Free Flu Shots Every Tuesday At National City Fire Station 34
While the county has been dealing with the fourth wave of COVID-19, flu season has also begun.
Every year tens of thousands of people die from the flu in the United States. The National City Fire Department knew that their community needed resources to help combat this contagious disease.
National City Fire Department Captain and Paramedic Scott Robinson coordinated the partnership with the Point Loma Nazarene nursing program. This is the third consecutive year for the clinic.
To date, thousands of vaccines have been administered at Fire Station 34.
“We’re able to give free flu shots to the community, so anyone is welcome to come, six months and older,” Captain Robinson continued, “We are the first fire station in California, at the time, to give out flu shots in the fire station. We designed a program that students, nursing students could come and get some clinical hours, giving flu shots at the fire station where the public trusts us.”
The fire department normally responds to calls when there is already a problem. Captain Robinson hopes the flu clinic helps reduce flu-related medical emergencies.
“We can start with the primary prevention, which would be giving flu shots to help prevent them getting sick in the first place, so that we don’t have to go to their house and help them take them to the hospital where it’s expensive, especially if they’re underinsured or uninsured.”
Monique Sawyer is the associate dean of nursing at Point Loma Nazarene University and says her students love working at the flu clinic.

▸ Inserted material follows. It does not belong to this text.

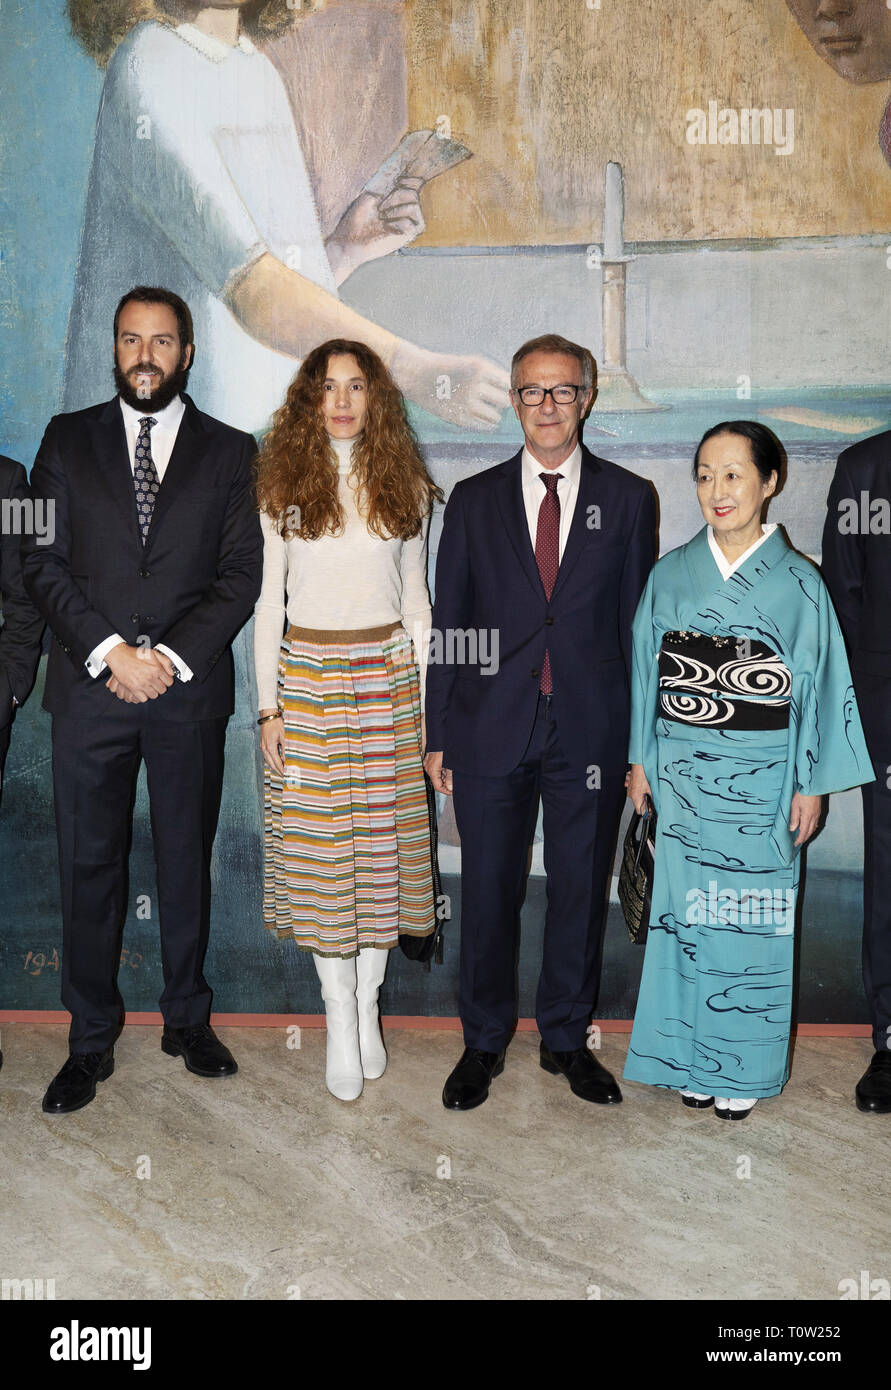 The opening of the Balthus exhibition by French artist Balthasar Klossowski de Rola at the Thyssen-Bornemisza National Museum in Madrid  Featuring: Setsuko Klossowska de Rola, Borja Thyssen-Bornemisza, Blanca Cuesta Where: Madrid, Spain When: 18 Feb 2019 Credit: Oscar Gonzalez/WENN.com Stock Photo

“We’re always looking for creative clinical placements for them and it’s all about getting our students out in the community,” Sawyer went on to say, “Up to this point, they’ve been having hospital rotations and this is the opportunity for them to finally get out and meet people where they’re at and to meet an actual need.”
Flu cases may have been low last year because of COVID-19 protocols and reduced social interaction, but Sawyer reminds us that the flu is back.
“It comes back every year and now that we’re opened up, if you will, the flu has a lot more opportunities to spread. Just because COVID is here doesn’t mean the flu isn’t here either. They can exist together. We can be infected with both,” Sawyer said.
Sawyer wants the public to know that it is safe to get both the COVID-19 and flu vaccines.
“It is definitely safe to get them both.”
They can even be administered at the same time, but if you are unable to get them at the same time, allow for a two week window in between the two vaccines.
The flu clinic takes place every Tuesday from 9:00 am to 2:00 pm through the month of December based on vaccine availability and community participation.